A word-for-word retyping of the listing below is required, with the pictures dropped.

• Supplied information:

-------

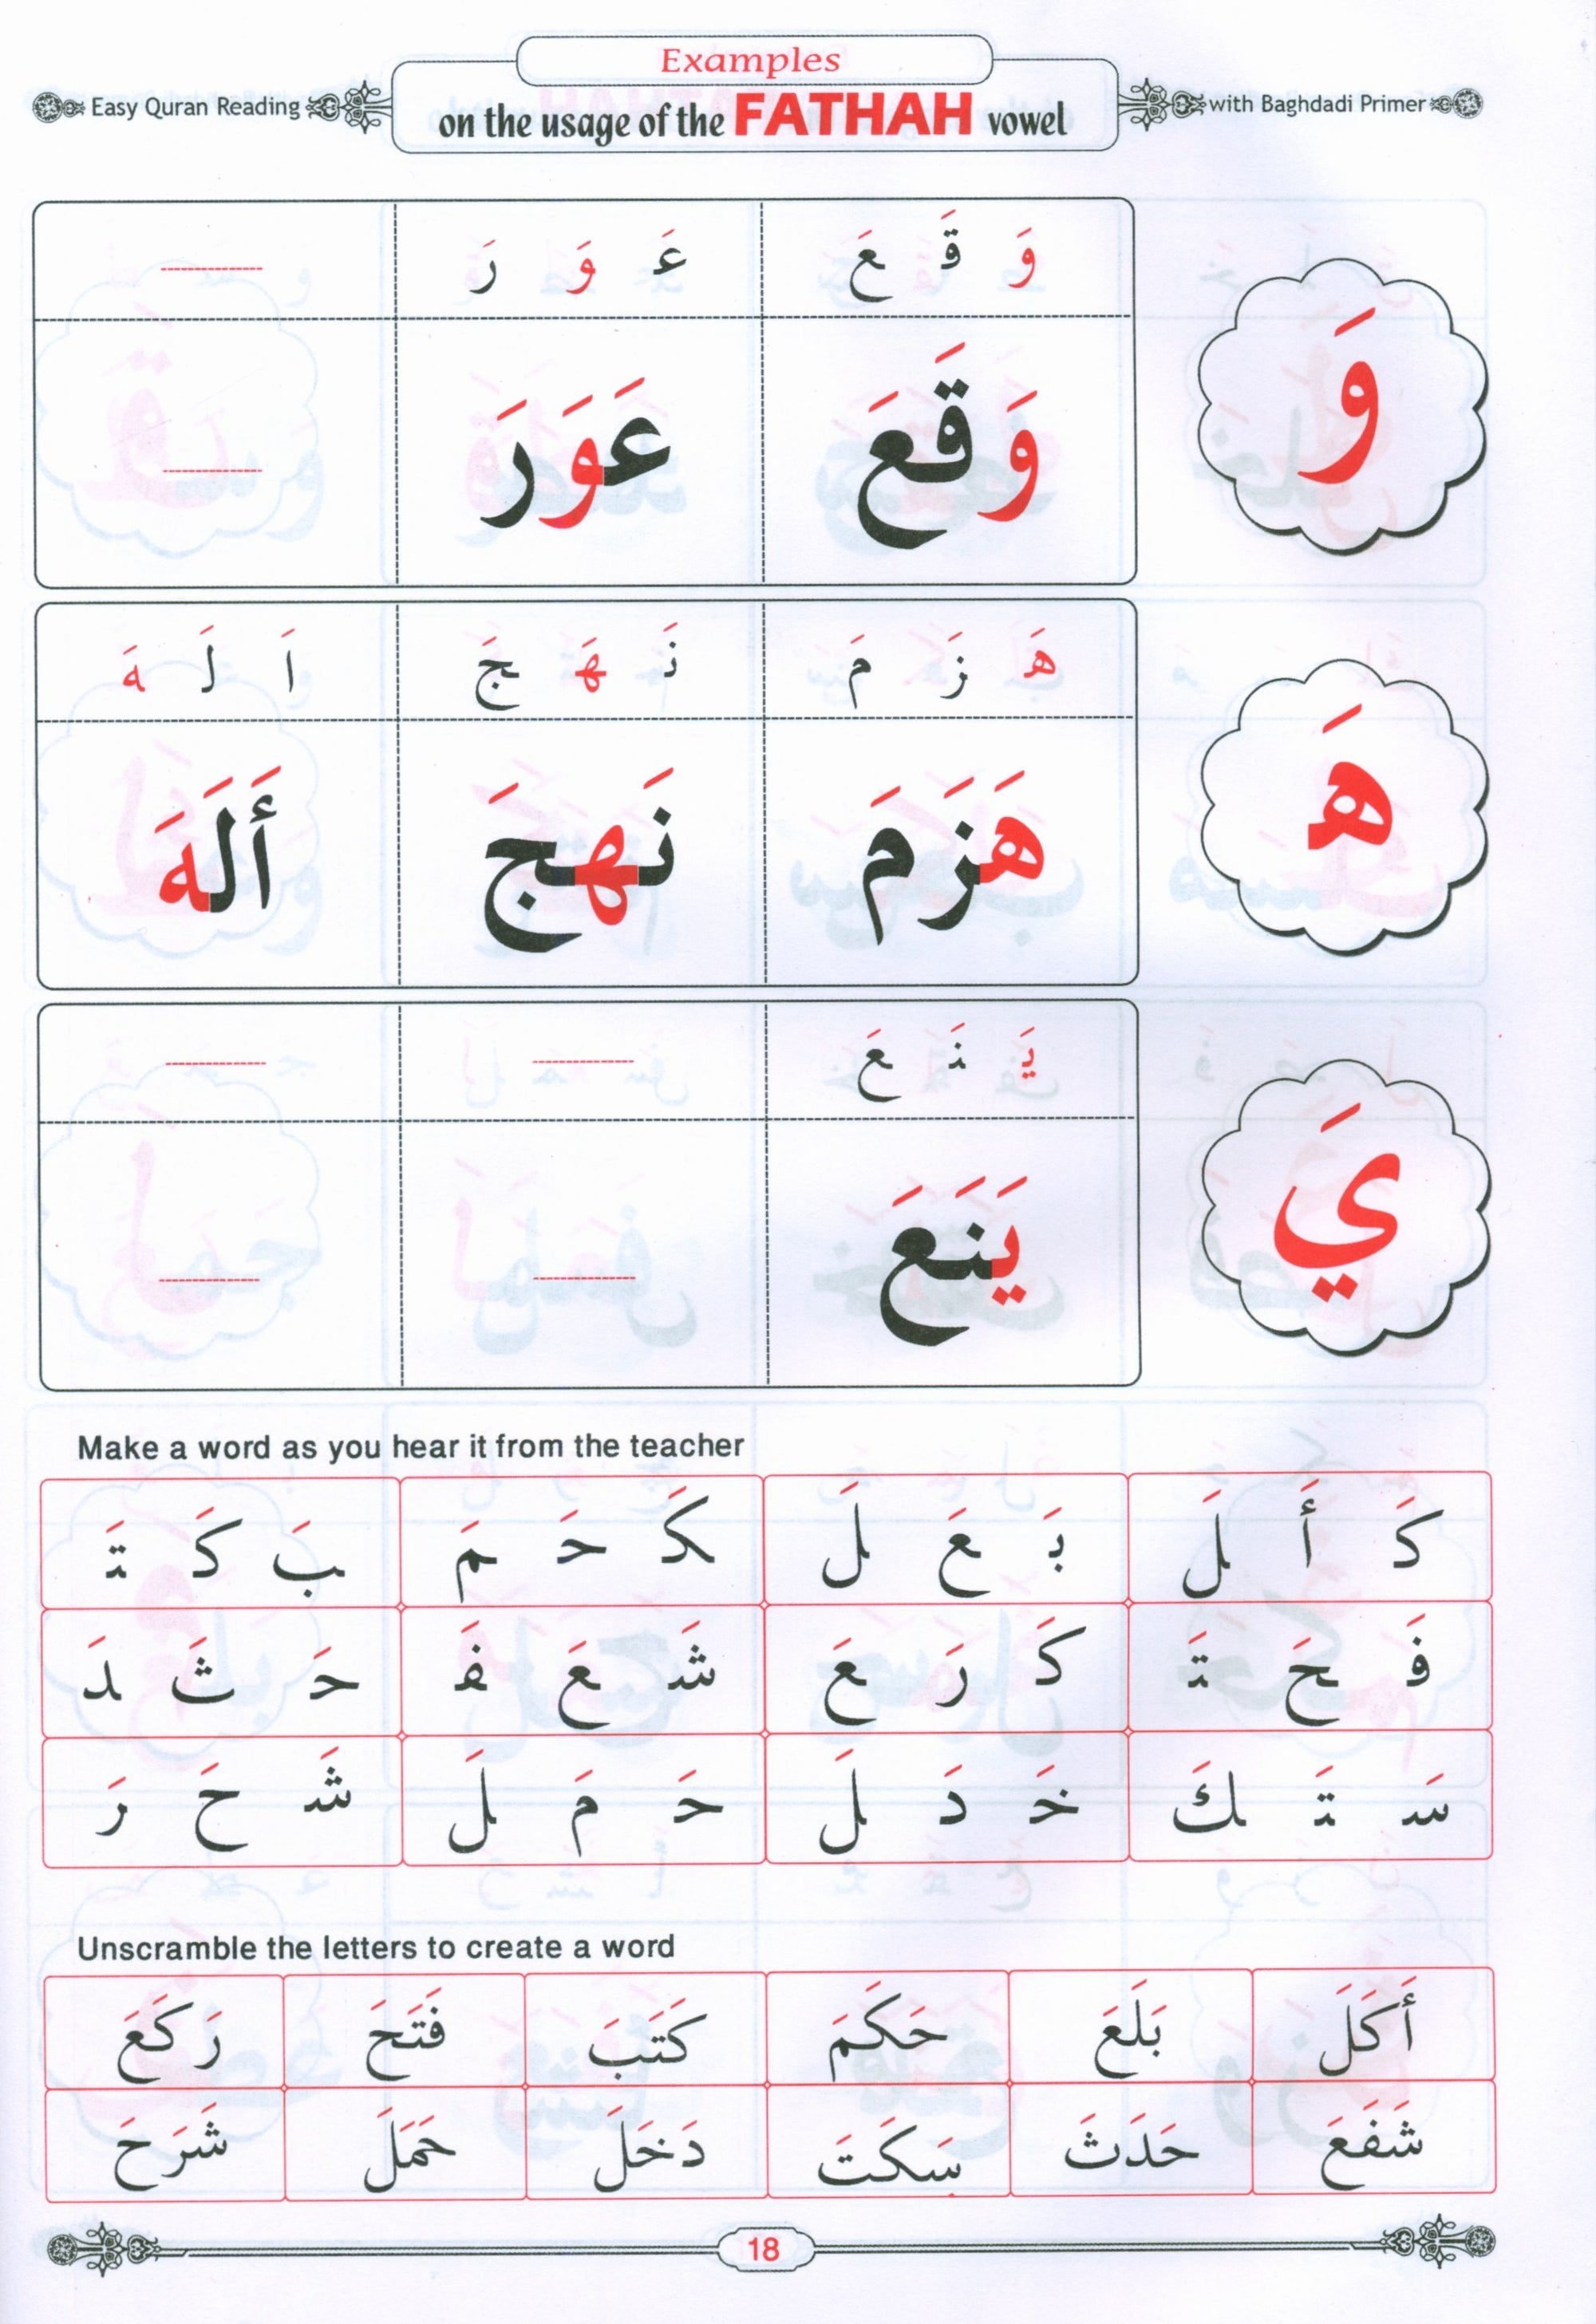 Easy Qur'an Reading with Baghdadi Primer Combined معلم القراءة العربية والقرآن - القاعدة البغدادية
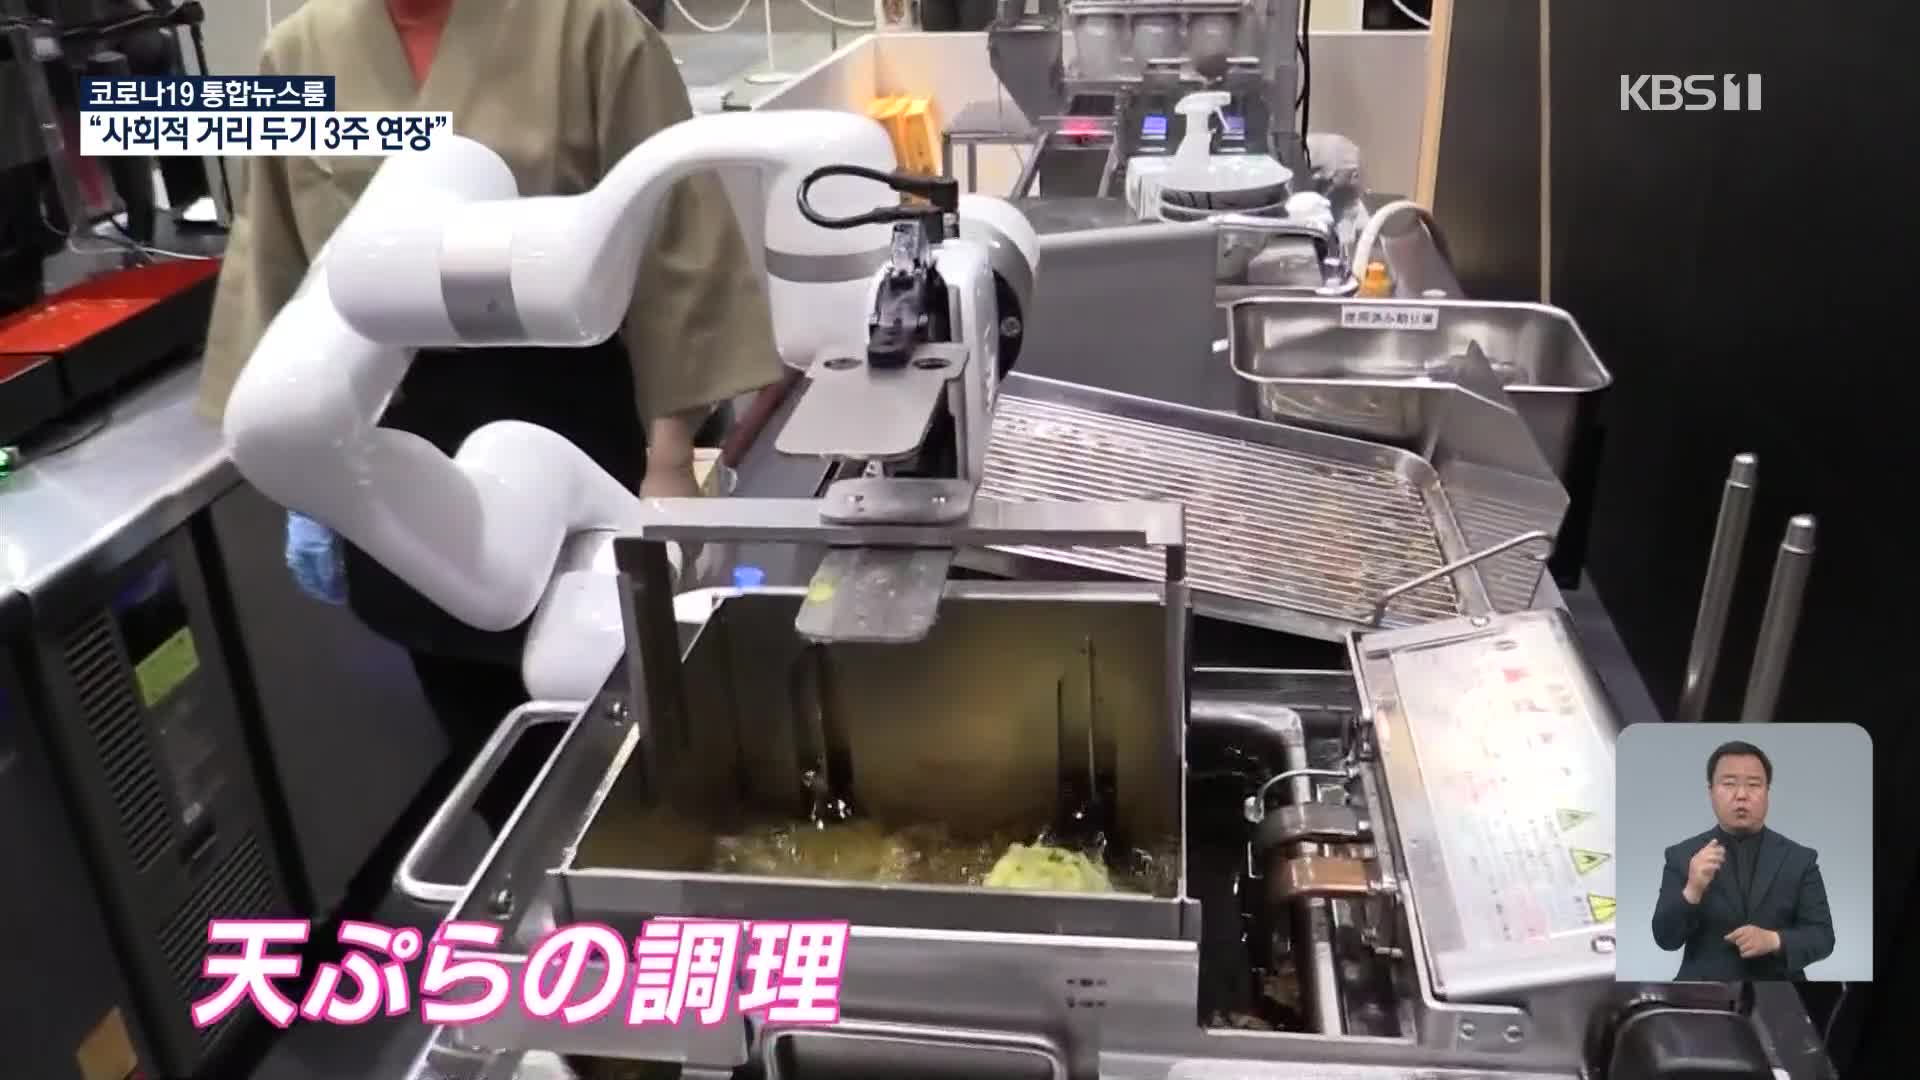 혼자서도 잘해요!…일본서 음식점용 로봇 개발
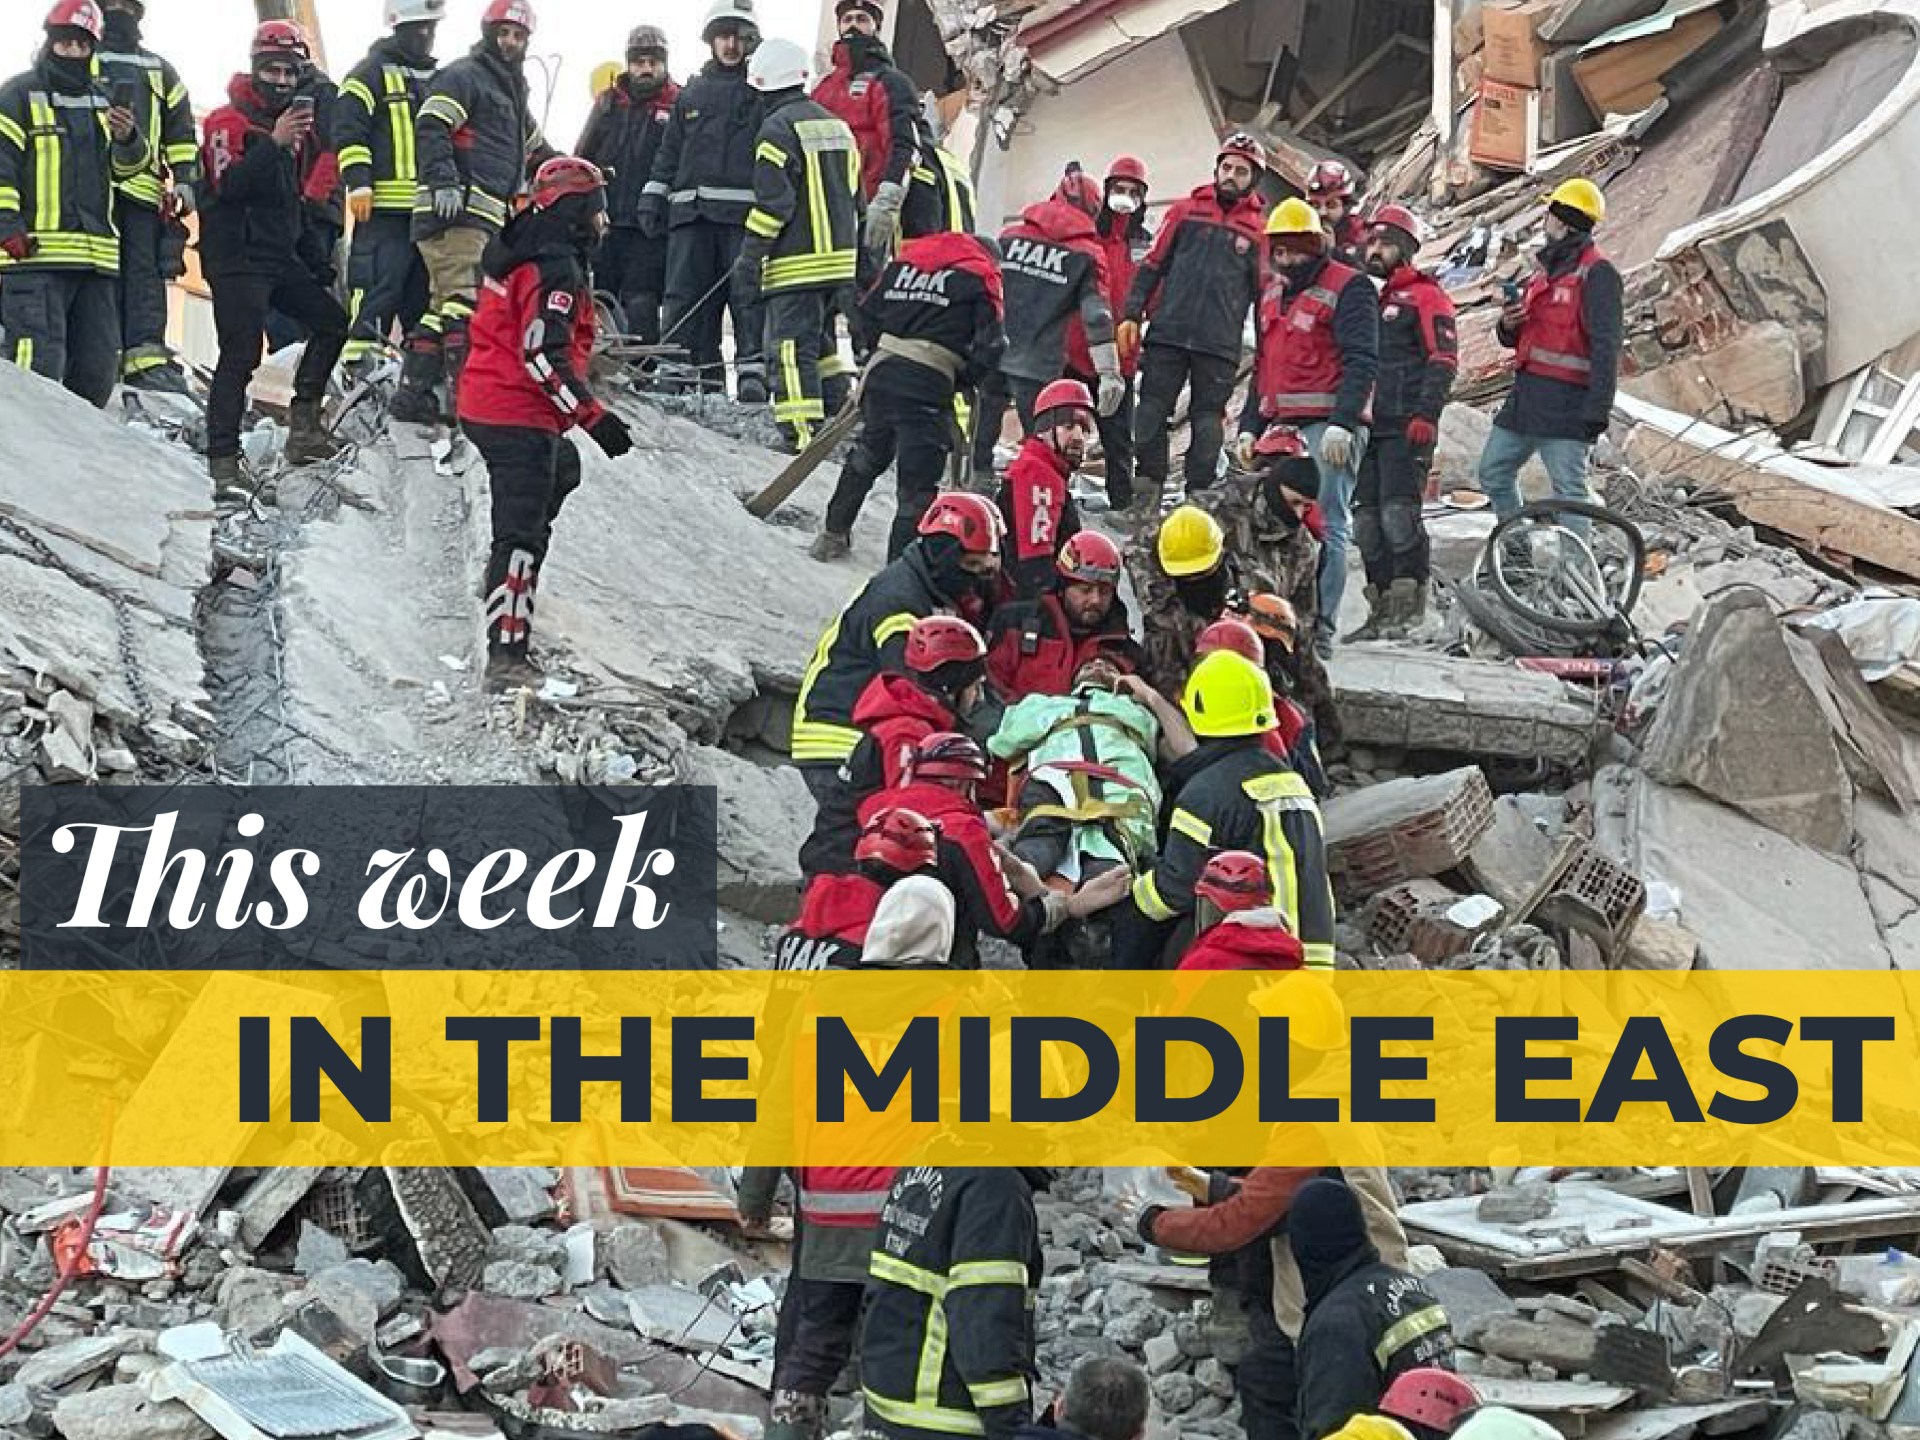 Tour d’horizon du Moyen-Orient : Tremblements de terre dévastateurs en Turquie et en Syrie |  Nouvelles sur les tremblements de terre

-------

• Response to the task:
 Easy Qur'an Reading with Baghdadi Primer Combined معلم القراءة العربية والقرآن - القاعدة البغدادية
 혼자서도 잘해요!…일본서 음식점용 로봇 개발
 Tour d’horizon du Moyen-Orient : Tremblements de terre dévastateurs en Turquie et en Syrie |  Nouvelles sur les tremblements de terre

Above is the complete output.